On Thu, Jun 3, 2010 at 6:25 AM, Scott Christensen <[email protected]>wrote:
> I agree that the human brain is better wired to play Go than Chess.
> Humans can remember hundreds of thousands of visual images and their
> significance, but we only have a working memory of 6-7 steps in a
> temporal sequence. There are fewer possible moves in chess and its
> easier to assign point values to positions, so a computer can make
> moves based on expected consequences beyond 6-7 moves in the future.
>
> In Go there are too many possible future combinations for even
> computer systems to deal with. Humans rely on pattern recognition for
> effective game play. Computers are extremely poor at pattern
> recognition of salient features and almost totally lacking in
> intermediate goal setting which are extremely important to human play.
>
> Computers are not really 'thinking' but are merely sorting data to
> come up with a 'simulation' of a proper game move. There are many
> board scenarios that can be presented to game systems that demonstrate
> they have absolutely no concept of the games.
>
> The newly popular technique of Monte Carlo Tree Search does go a step
> closer to a human thought process of predicting the consequences of
> moves to a distant future outcome rather than just calculating point
> values a few moves ahead which is perhaps why this technique has had
> such fantastic success lately.
>
>
I think your assessment is accurate.

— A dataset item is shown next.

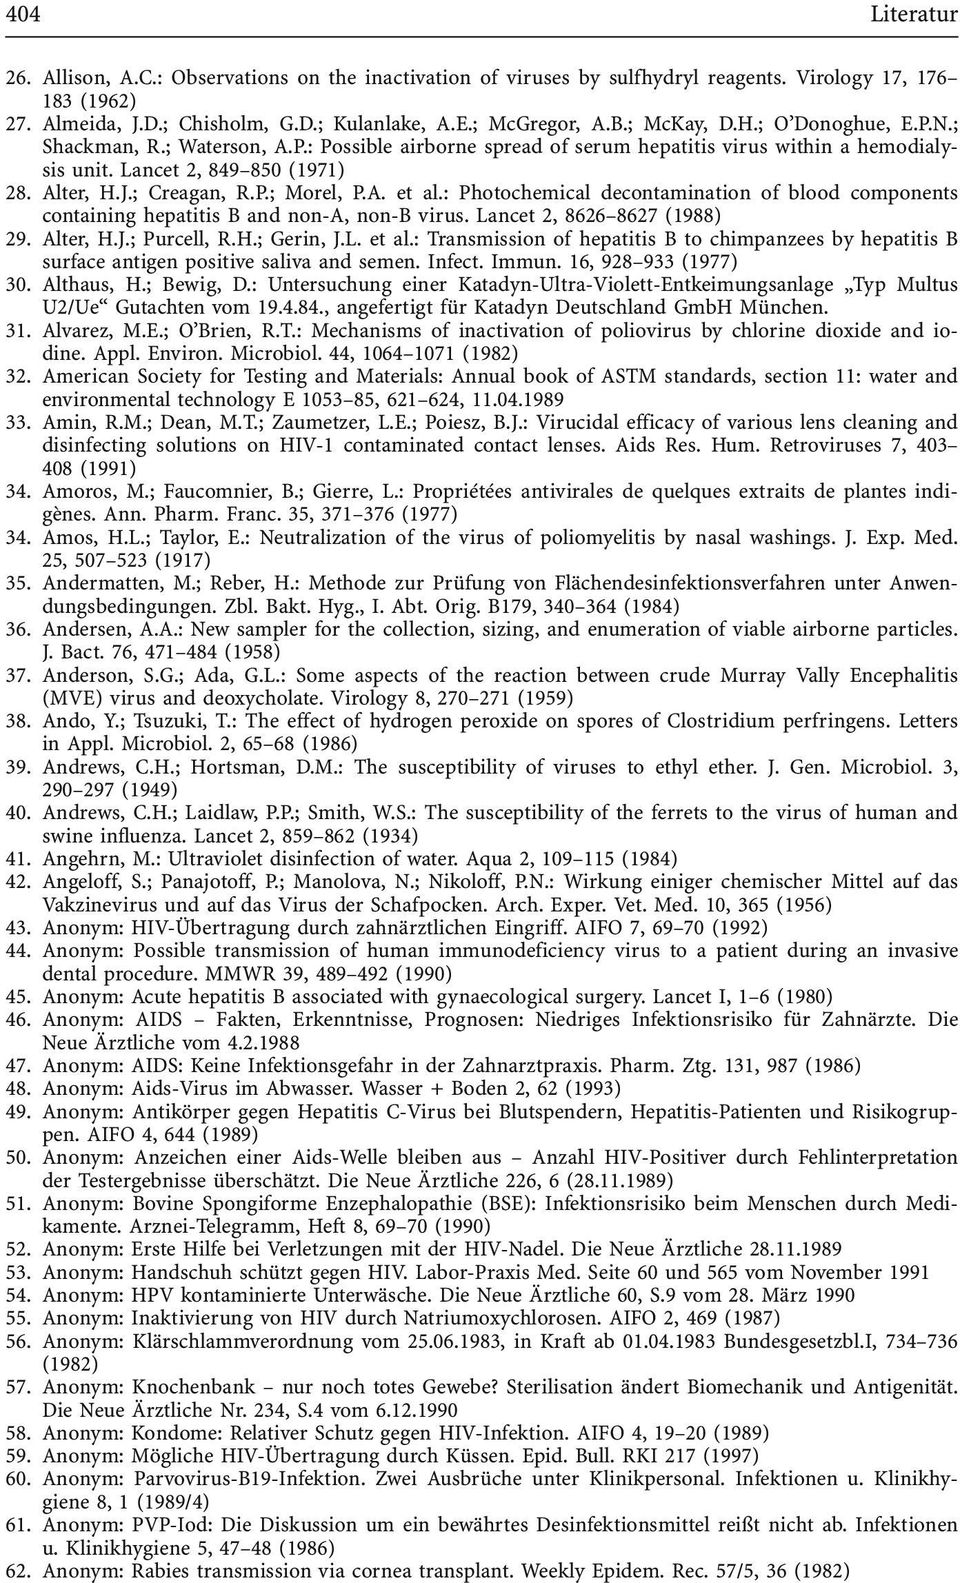 A. et al.: Photochemical decontamination of blood components containing hepatitis B and non-a, non-b virus. Lancet 2, 8626±8627 (1988) 29. Alter, H.J.; Purcell, R.H.; Gerin, J.L. et al.: Transmission of hepatitis B to chimpanzees by hepatitis B surface antigen positive saliva and semen.

Of course chess suffers all the same
effects you mention for go, just in different proportions. I think that
fact is not understood. Even the very best programs can search 20 ply
ahead and not understand what is really going on in computer chess -
although with increasing depth that is getting rarer and rarer. And there
are positions that can be presented to chess program that reveal they are
essentially clueless. The amazing depths that computers search now
covers a multitude of sins, but the same problem is still there, the
evaluation function is completely broken for some positions. It only
works if we can search deeply enough that we are no longer evaluating the
trouble positions.
The amazing progress in computer go is based on the same exact paradigm that
chess uses, evaluation and search. Since the games have different
characteristics we do each differently, but that is just semantics - it is
fundamentally search and evaluation. Intelligent playouts turn out in GO
to be far superior as an evaluation function than the old static methods
and depth first search is replaced by best first search.
And by the way, even old style brute force alpha/beta "works", it's just
that there are better ways by far so it's rather silly to use this directly.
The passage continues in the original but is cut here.